Je me limiterais à noter que le rapport d’audit dit avoir vérifié les soldes disponibles des comptes bancaires et les avoir mis en parallèle avec le nombre total d’USDT émis par Tether (fourni par Tether) pour vérifier si les USDT étaient réellement backés par de vrais dollars. Pour cela, la firme a vérifié les deux soldes à la date du 1 juin 2018. A cette date, il y aurait eu un total de 2 538 090 823,52 USDT jamais émis, tous backés. Une situation merveilleuse… Mais incohérente avec la situation décrite par les auteurs de l’étude « Is Bitcoin Really Un-Tethered ? », qui comptabilisaient de leur côté déjà 2,99 milliards d’USDT émis en Février 2018, comptabilisés précisément à l’aide des données de la blockchain Tether-même.

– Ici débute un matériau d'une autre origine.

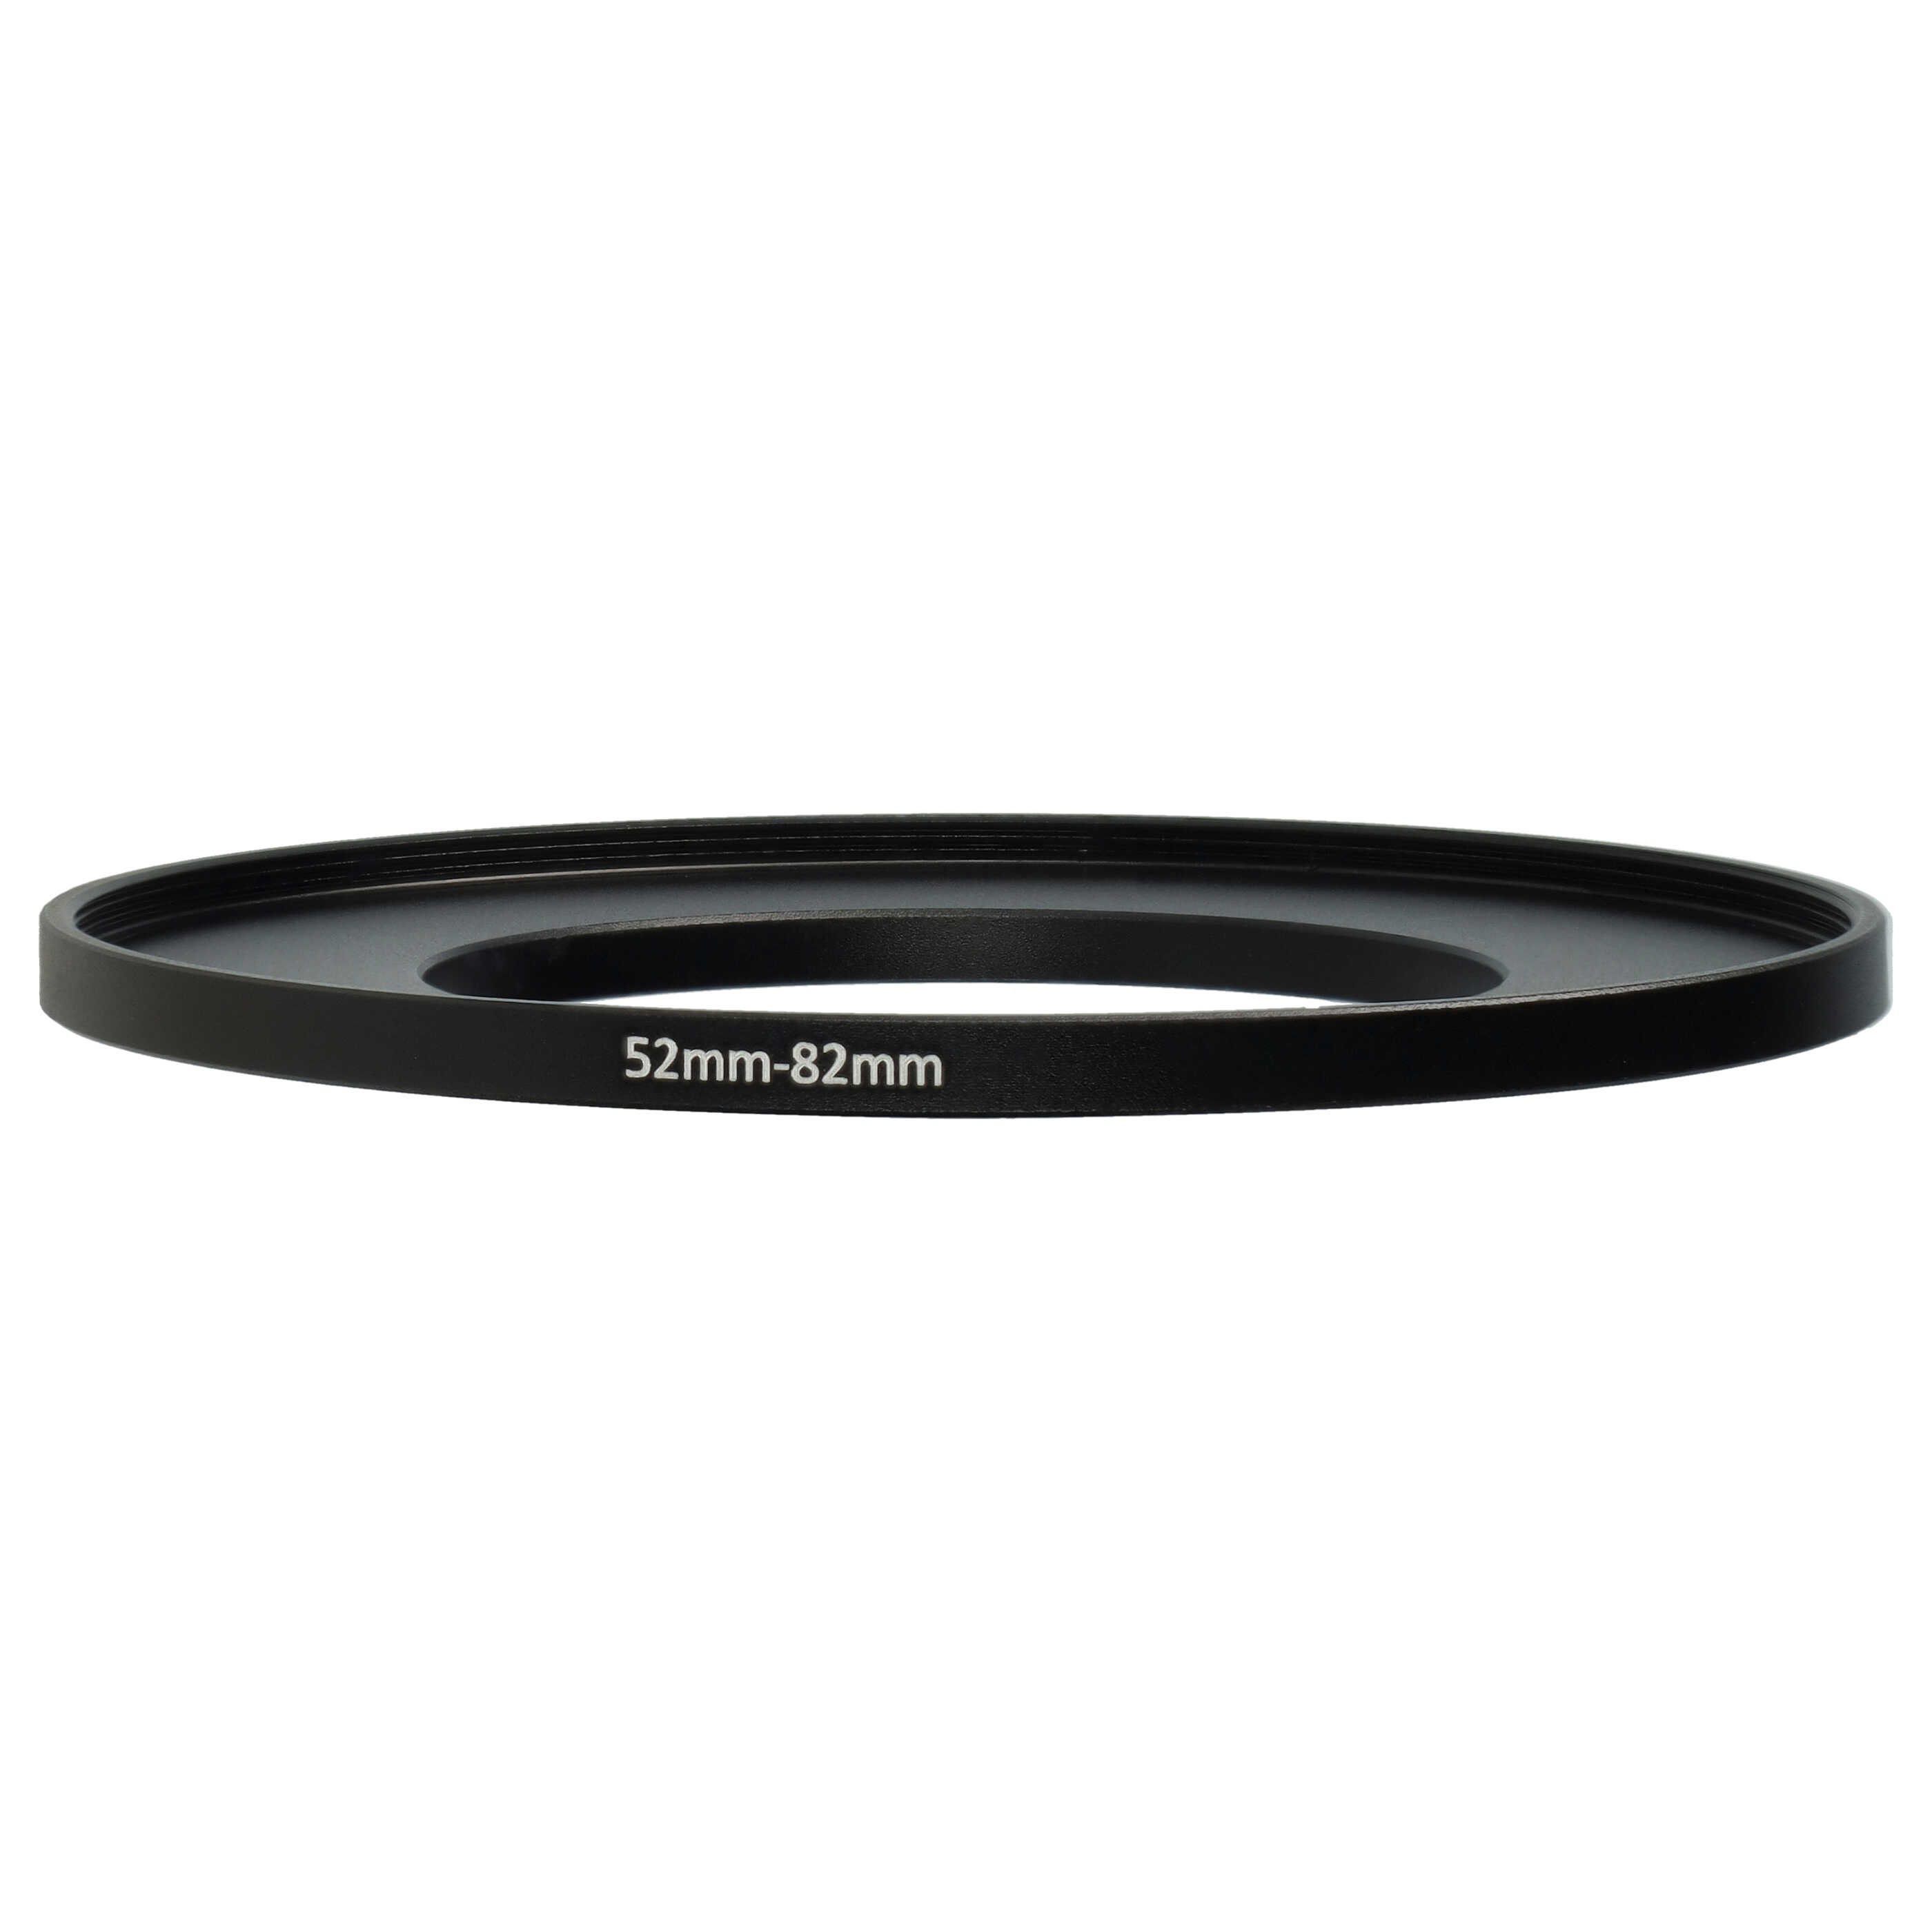 Step-Up Ring Adapter of 52 mm to 82 mmfor various Camera Lens - Filter Adapter

Pour finir, la firme FSS conclut l’étude en précisant un certain nombre de réserves qu’il faut bien garder à l’esprit, notamment qu’ils n’ont pas mené cet audit selon les règles comptables habituellement exigibles dans un tel contexte (« FSS is not an accounting firm and did not perform the above review and confirmations using Generally Accepted Accounting Principles »).
Pas sûr dans ces conditions que ce rapport rendu public ne disperse le flou qui entoure Tether Ltd. et son crypto-actif, l’USDT. En tout cas, je vous confirme la publication à venir de ma revue de l’article de recherche sur le lien possible entre USDT et manipulation du cours du BTC.